**INPUT DATA:**
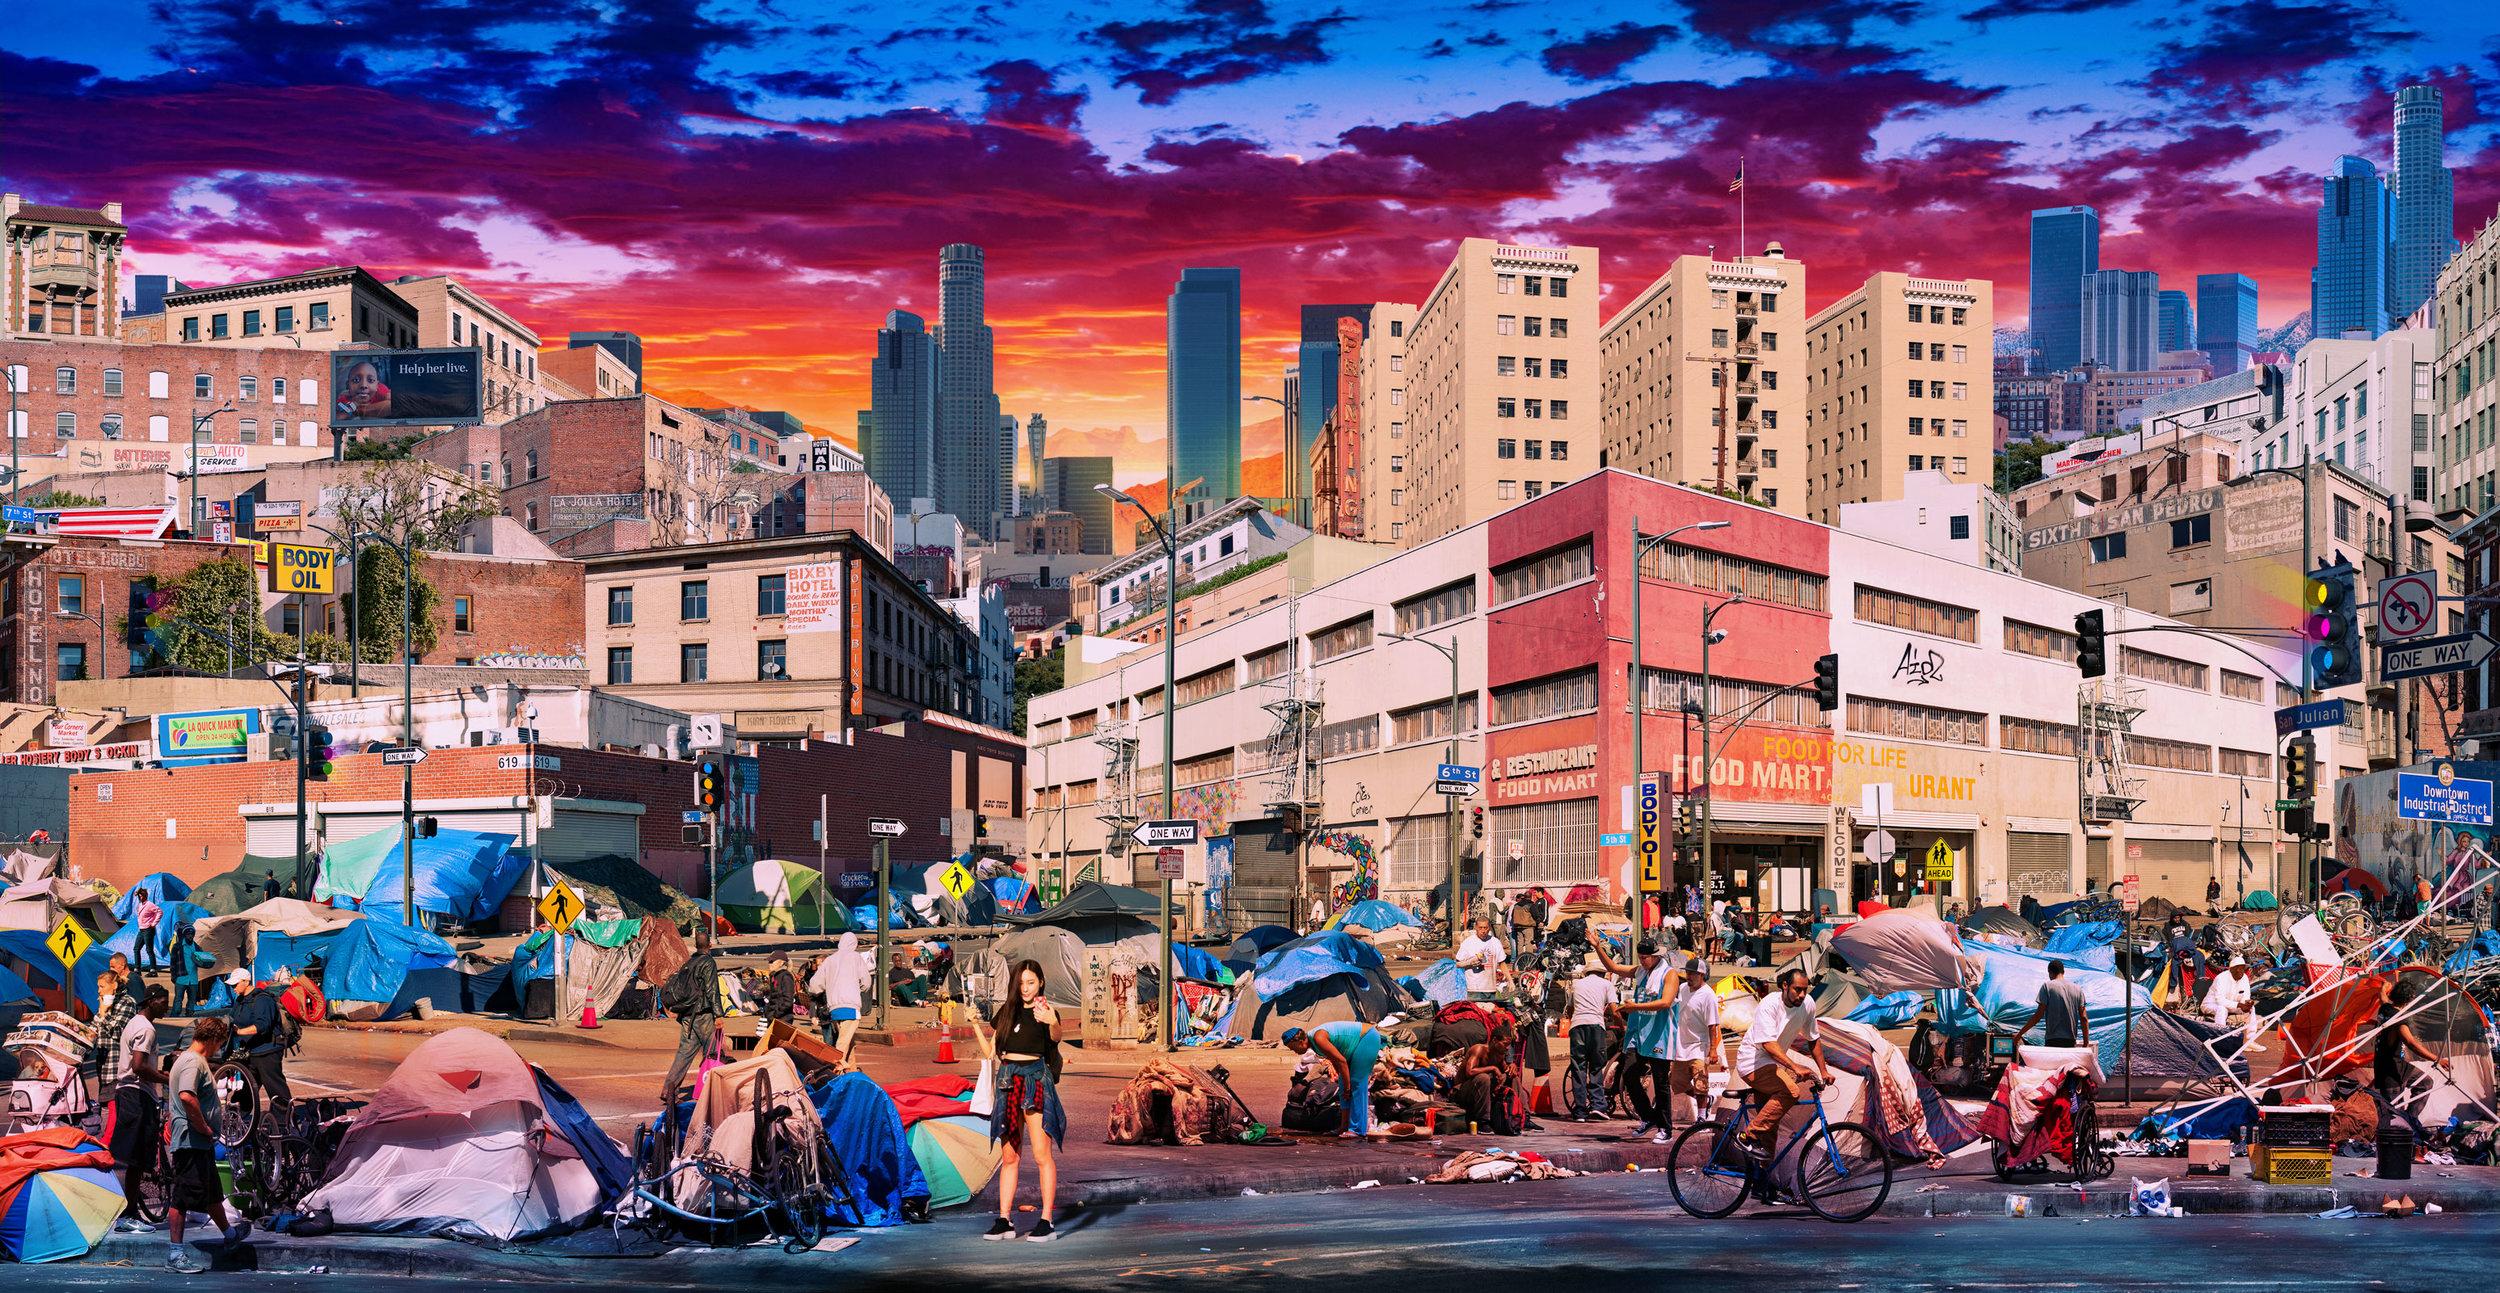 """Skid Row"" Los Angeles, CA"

...

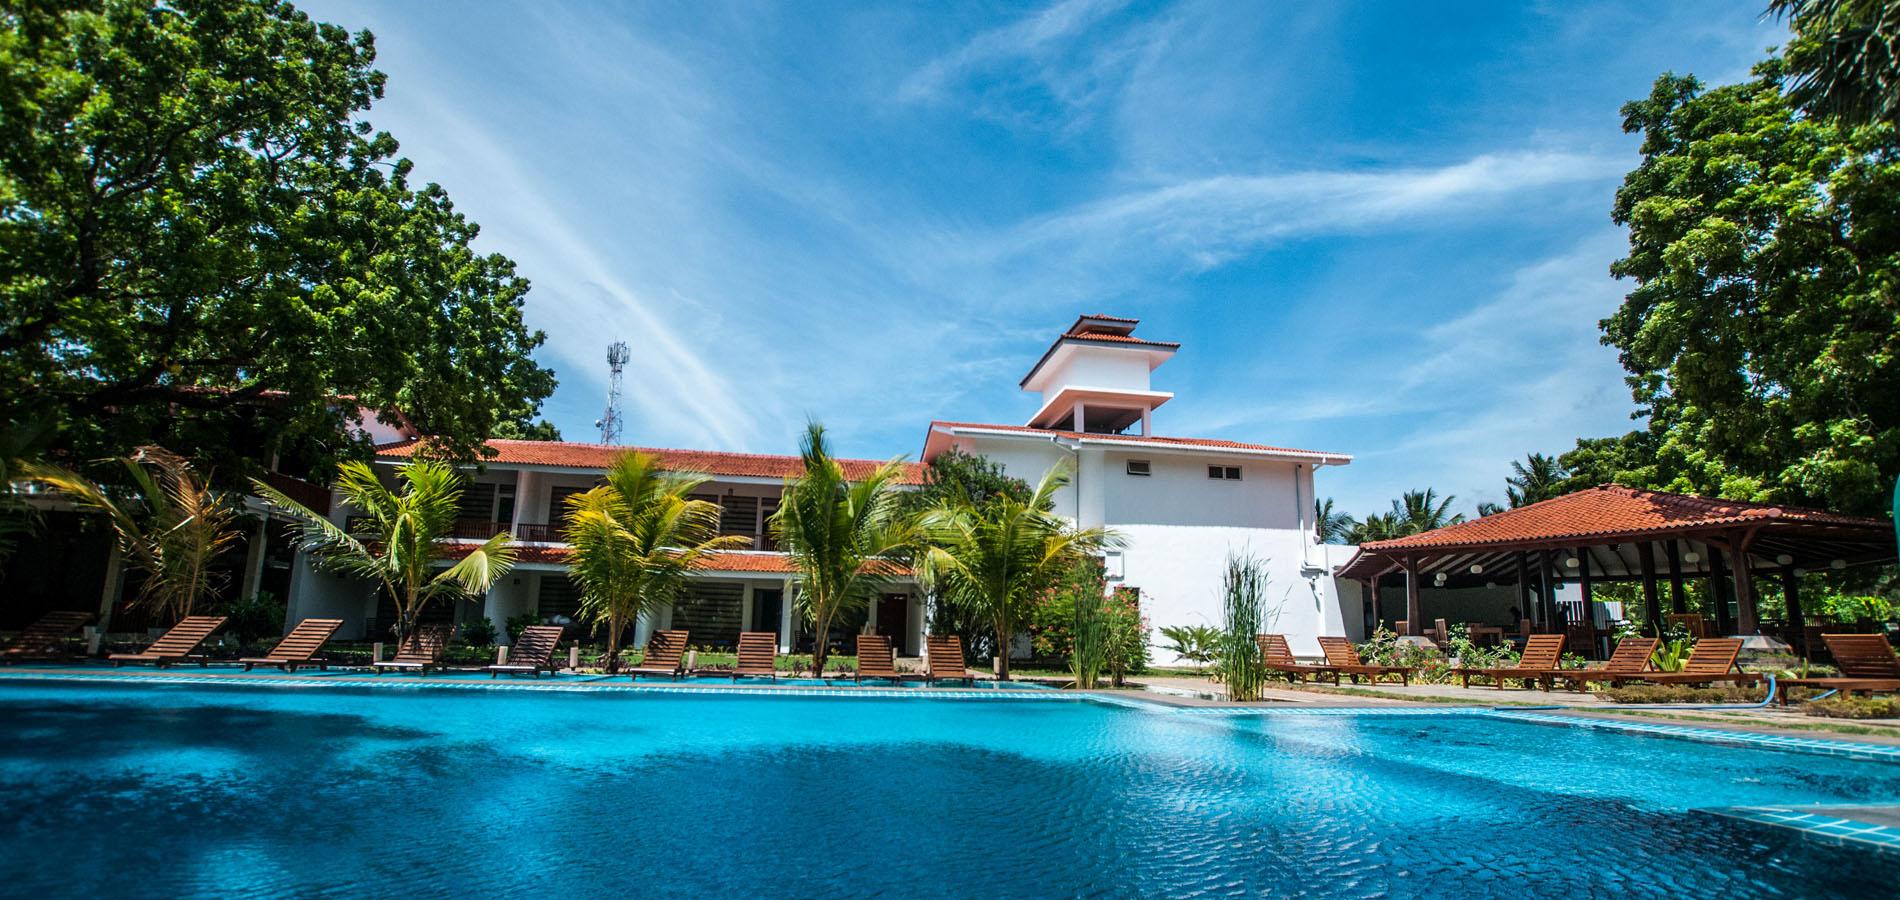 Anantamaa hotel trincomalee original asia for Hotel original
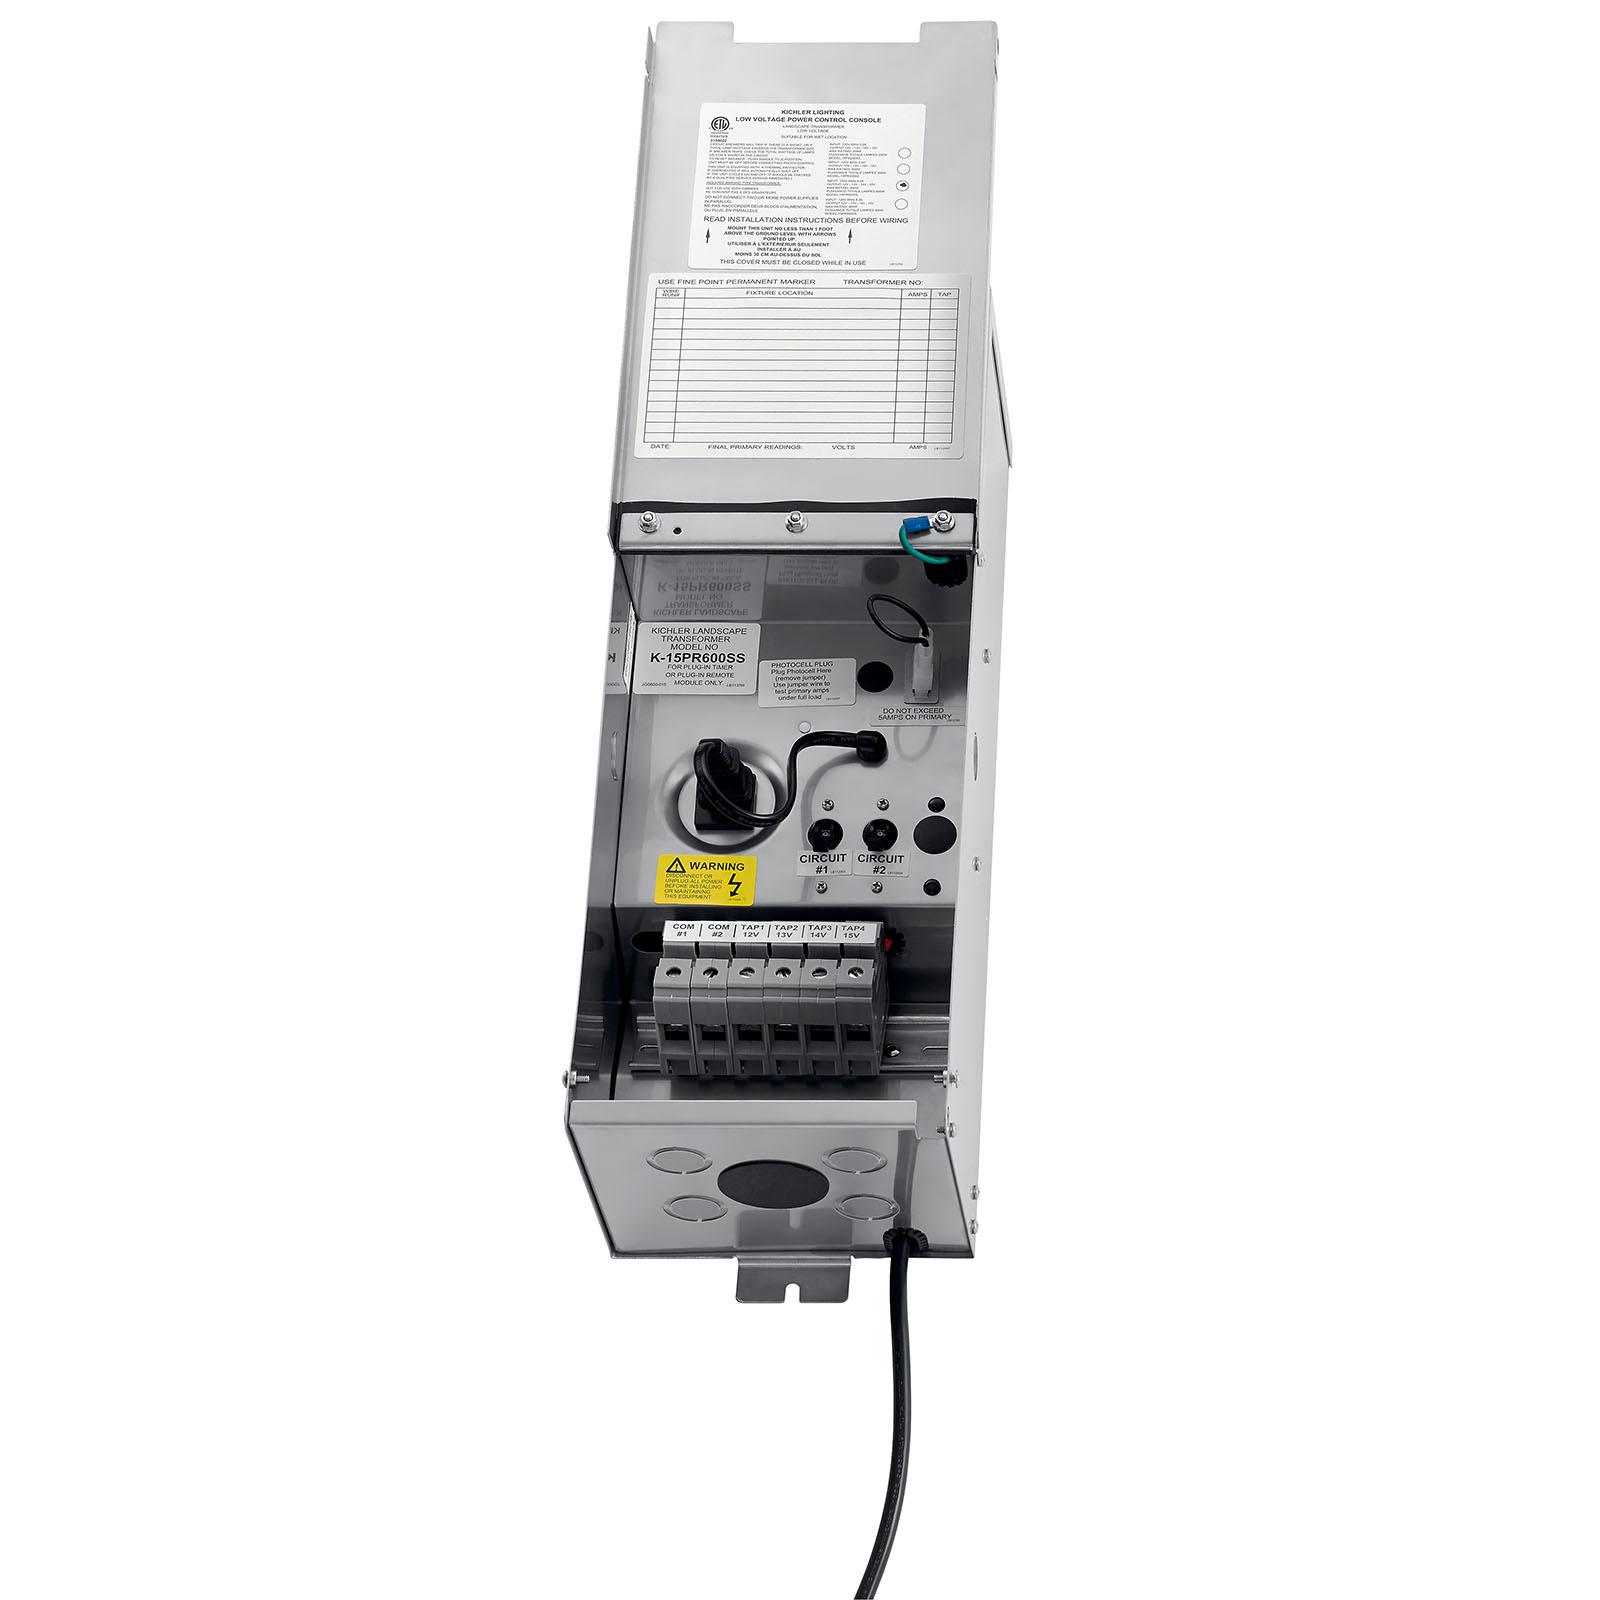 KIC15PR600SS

**EXERCISE:**
In the listing above, find the line containing "Anantamaa hotel trincomalee". Output it and every line after it up to and including the line containing "KIC15PR600SS", exactly, but skip the pictures.

**ANSWER TO THE PROBLEM:**
 Anantamaa hotel trincomalee original asia for Hotel original
 KIC15PR600SS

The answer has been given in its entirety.